Женщина взялась прибирать на столике у кровати, коря себя за пошлые рассуждения. Она ощущала потребность излить свой гнев: кроме Бога и библиотекаря, с ней никого не было, а сердиться на библиотекаря ей не хотелось. Он был тяжело болен, как и весь город. Гнев замутил бы чистоту ее острого чувственного влечения к нему, которое вселяло в нее ни с чем не сравнимую радость. Уже очень давно она не смотрела на мужчину с подобными чувствами: казалось, они ушли в прошлое, утрачены навсегда. Его болезнь стерла между ними разницу в возрасте. В обычных обстоятельствах он увидел бы в ней старую женщину - только и всего, и его слепота ослепила бы ее самое; она даже и не глянула бы в его сторону. Но ей пришлось его раздевать, ухаживать за его плотью - и это избавило ее от бремени ханжества: она могла восхищаться его крепким невинным телом, предаваясь невинным восторгам вожделения. Его мысли, нрав оставались для нее загадкой: она знала только, что он не робкого десятка - и этого было совсем немало.
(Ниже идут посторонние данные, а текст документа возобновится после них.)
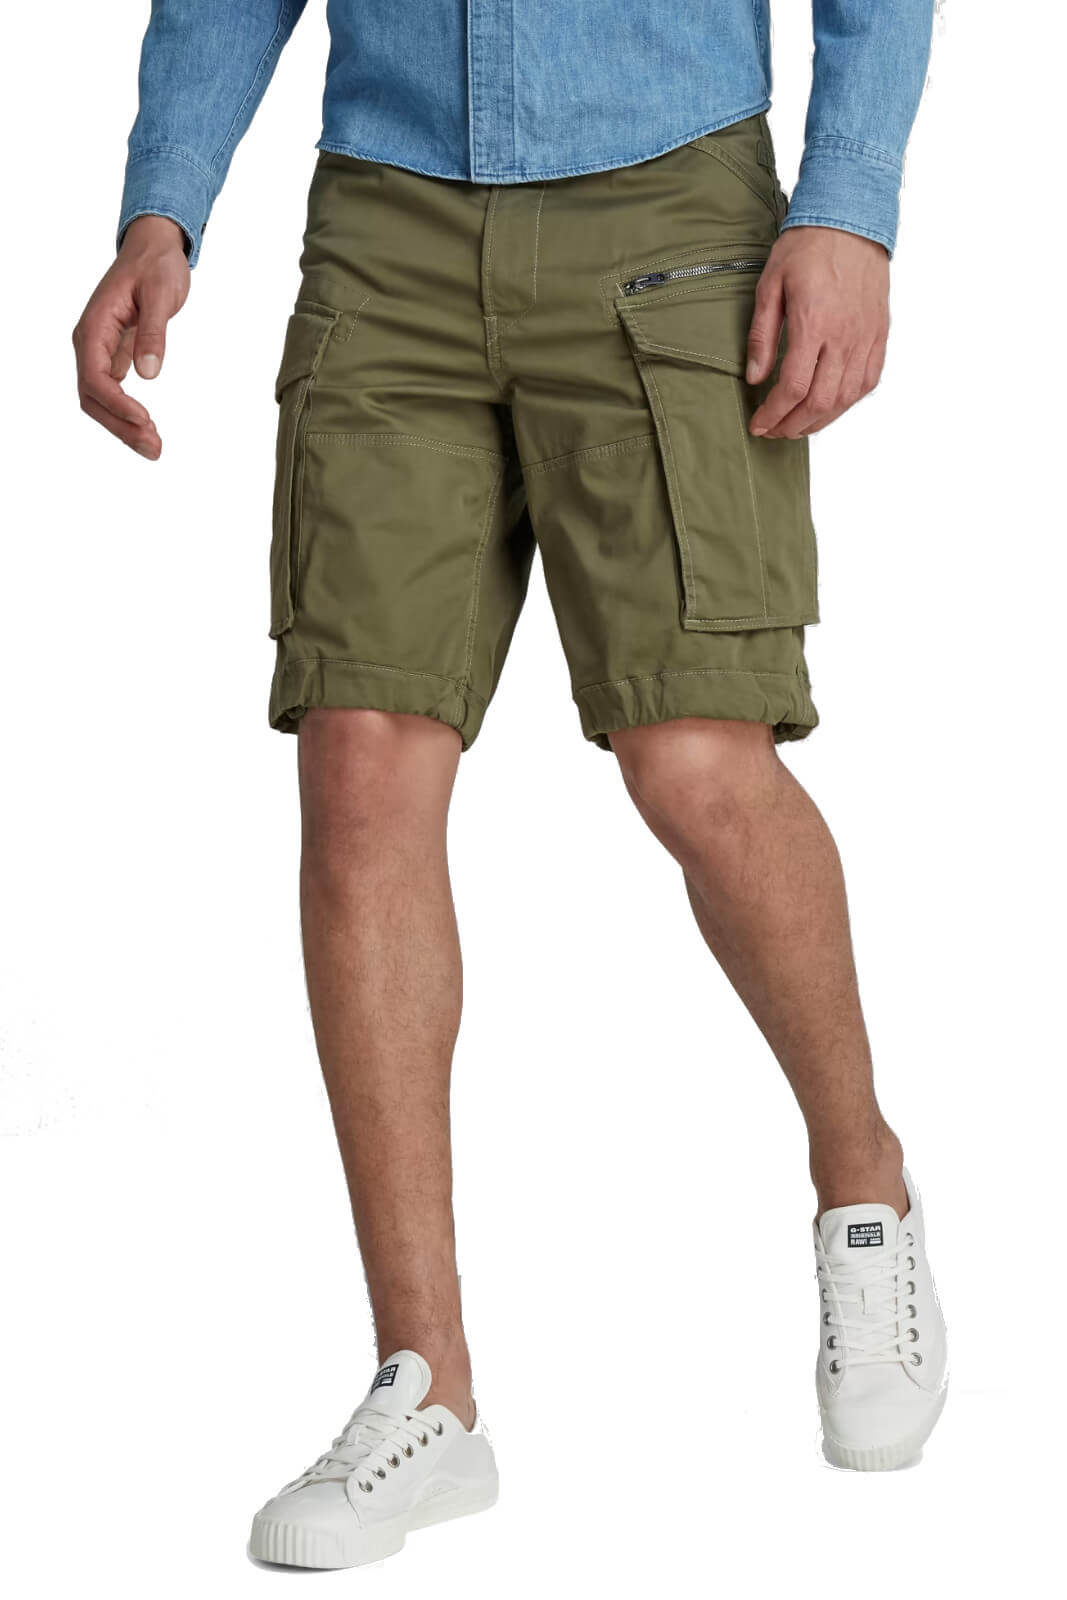 G-Star RAW men's shorts ROVIC RELAXED

Любые подробности казались излишними. Она даже сожалела о том, что он вообще заговорил, выговорил эти нелепые, хвастливые слова "ничего ценного" - подразумевая то ли собственную жизнь, то ли книги, которые пытался спасти ценой жизни. Так или иначе, он хотел дать понять, что для повстанца дороже всего дело, которому он служит. Есть или нет на свете какой-то там служащий филиала городской библиотеки, сохранится или же сгинет стопка каких-то книжек - вздор, сущие пустяки. Значение имеет только одно - будущая победа.
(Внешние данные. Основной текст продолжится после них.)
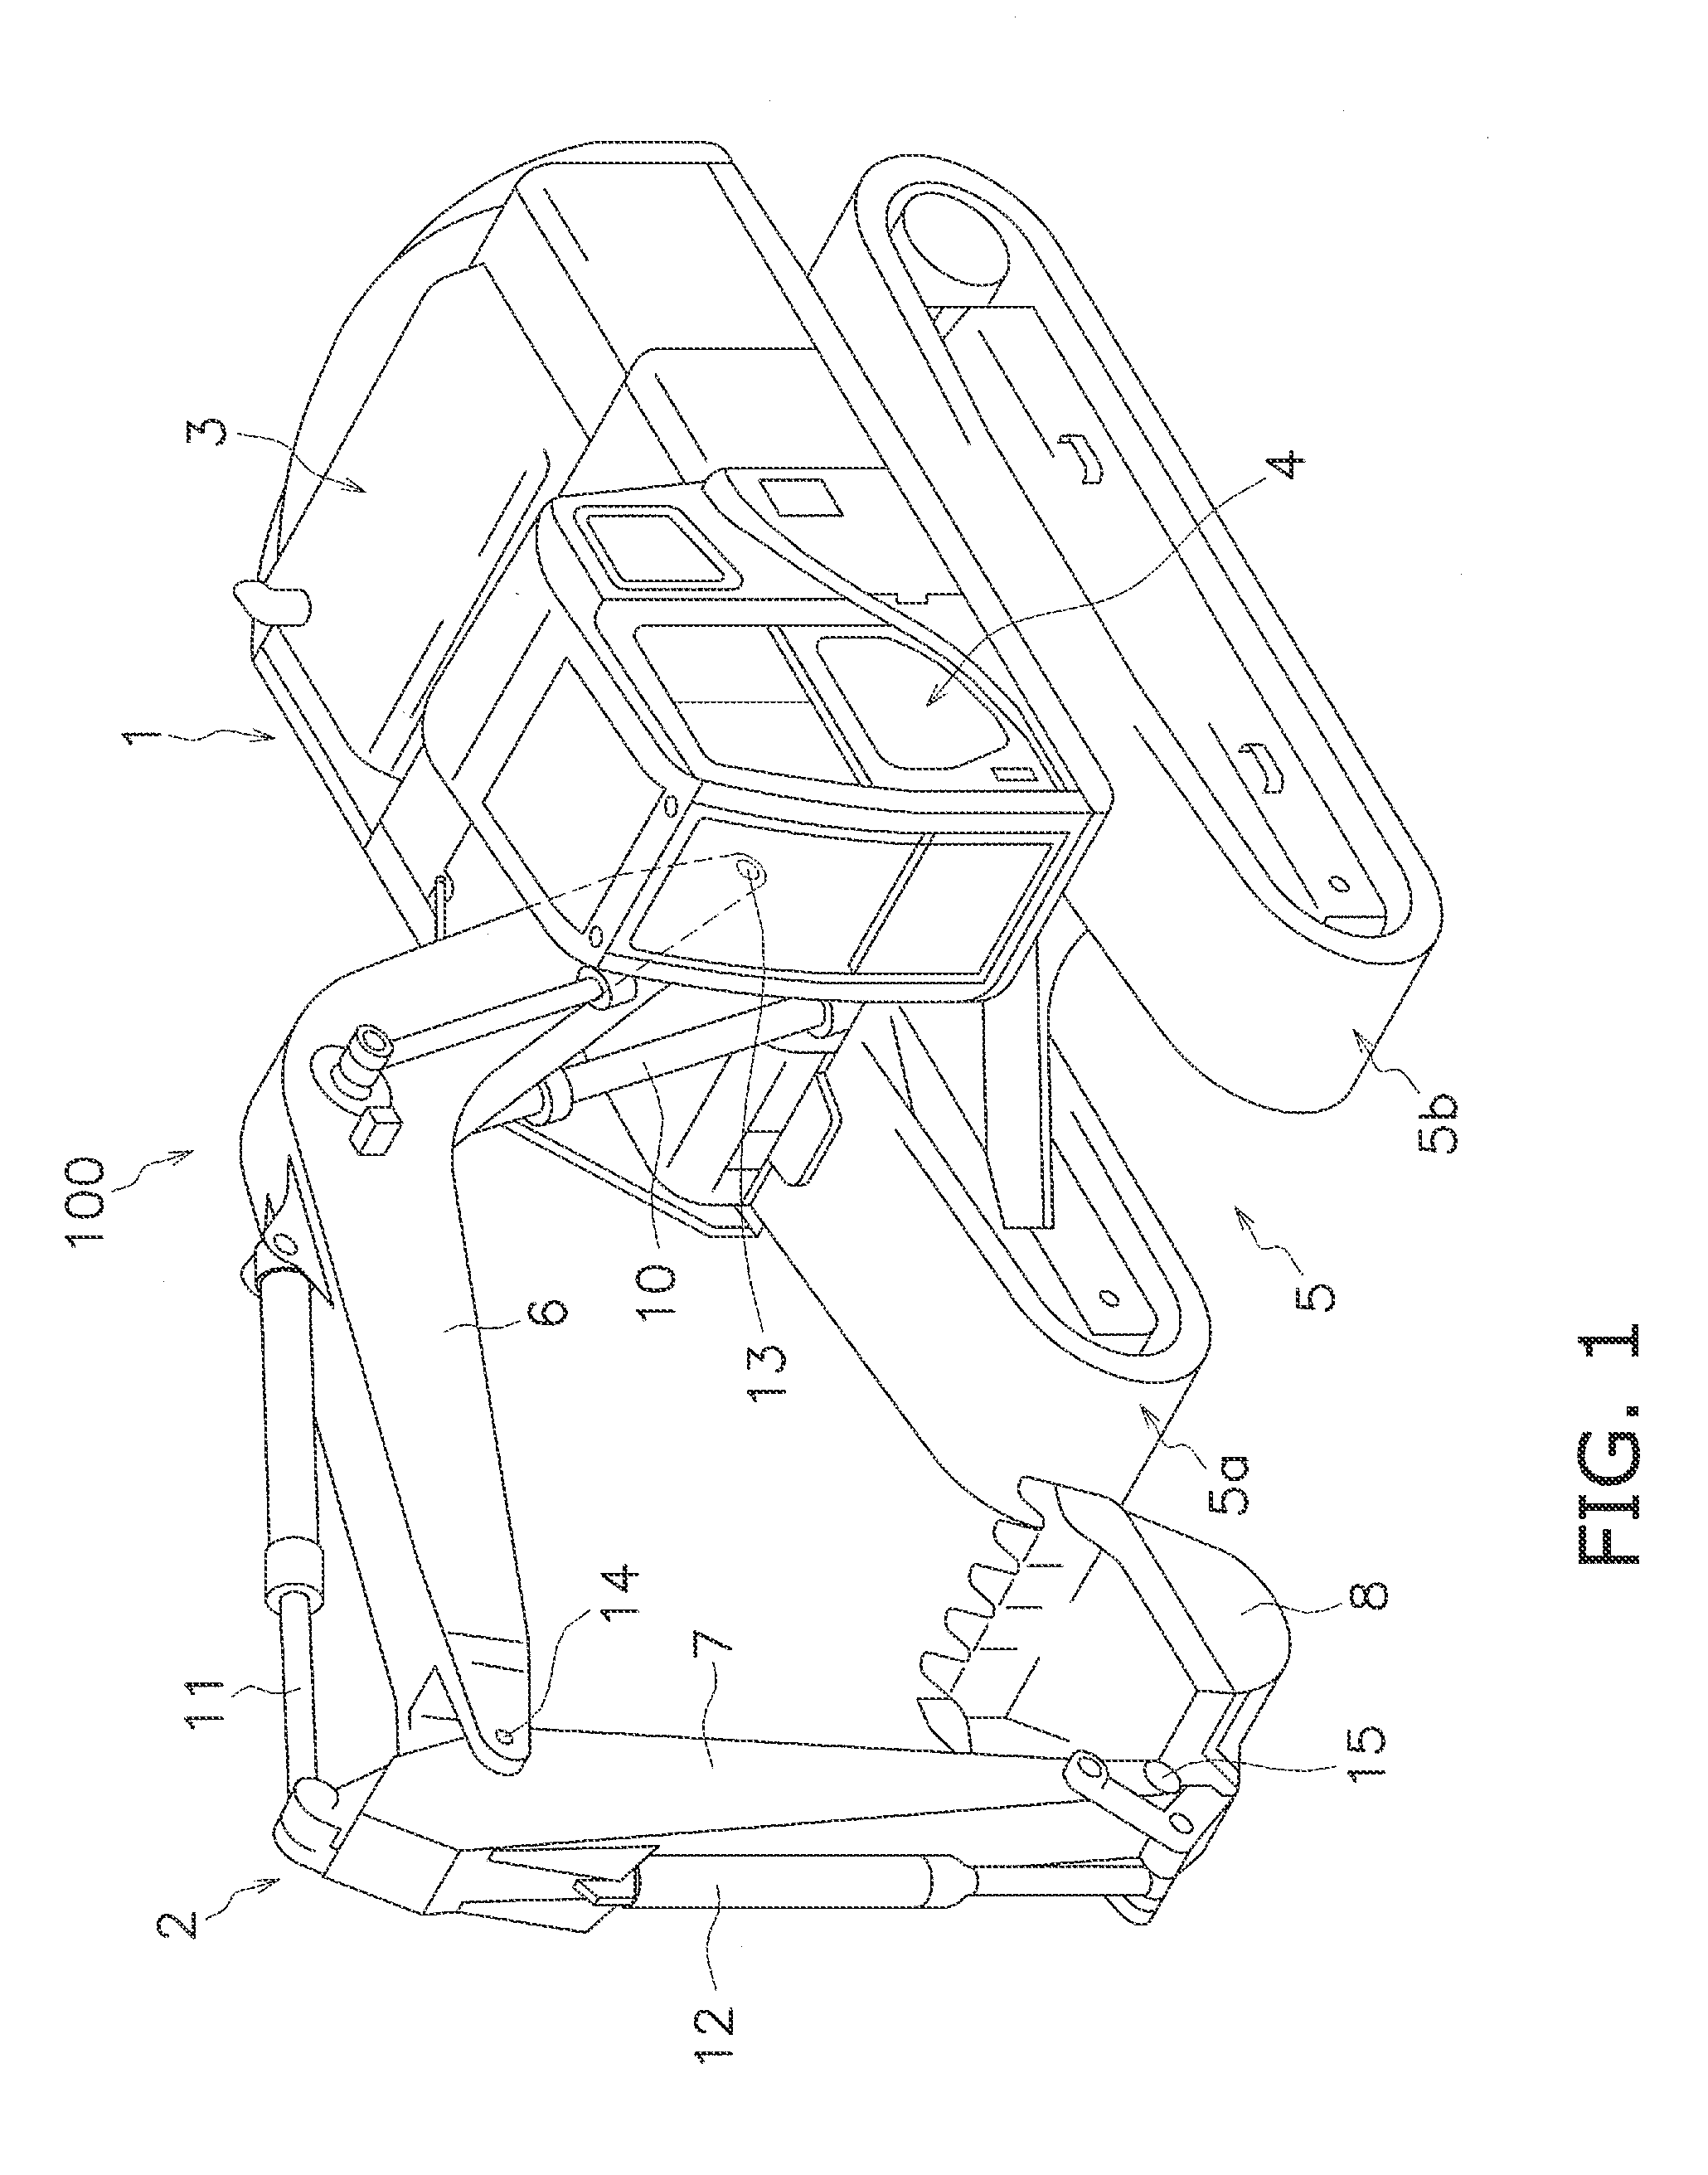 Hydraulic shovel operability range display device and method for controlling same

Однако если он в рядах повстанцев, с какой стати было ему кидаться спасать книги?
А сторонник традиционалистов - остался бы один на один с пожаром, пытаясь в удушливых клубах дыма справиться с огнем, уберечь библиотеку?
Конечно же, да, ответила женщина сама себе. Его взгляды, убеждения, склонности просто не могут быть иными! Книги, статуи, достопримечательности, фонарные столбы с зажженными светильниками - а не с подвешенными на них трупами, постановка Мольера в восемь тридцать вечера, разговоры за обеденным столом, школьницы в нарядной форме с ранцами, порядок, благопристойность, прошлое как залог будущего - вот что отстаивает истинный традиционалист. Отстаивает самоотверженно, до последнего. Но хватит ли его на то, чтобы карабкаться на четвереньках, выхаркивая обожженные легкие, стараясь не выпустить из рук пачку книг - книг, не представляющих никакой ценности... Именно это имел в виду библиотекарь, теперь женщина ясно это поняла: книги никакой особой ценности не представляли; ценных книг в этом филиале центральной библиотеки, скорее всего, и не было. Он спасал просто книги, книги как таковые - и не ради убеждений, не по собственной прихоти, жертвуя ей жизнью, а потому, что он был библиотекарем. Лицом, назначенным смотреть за книгами. Несущим за них ответственность....
 - Ты это хотел сказать? - спросила женщина тихо. Ее собеседник уснул. - И потому я привела тебя сюда?
 Радио зашипело, но в аплодисментах она не нуждалась. Спящий был ее публикой.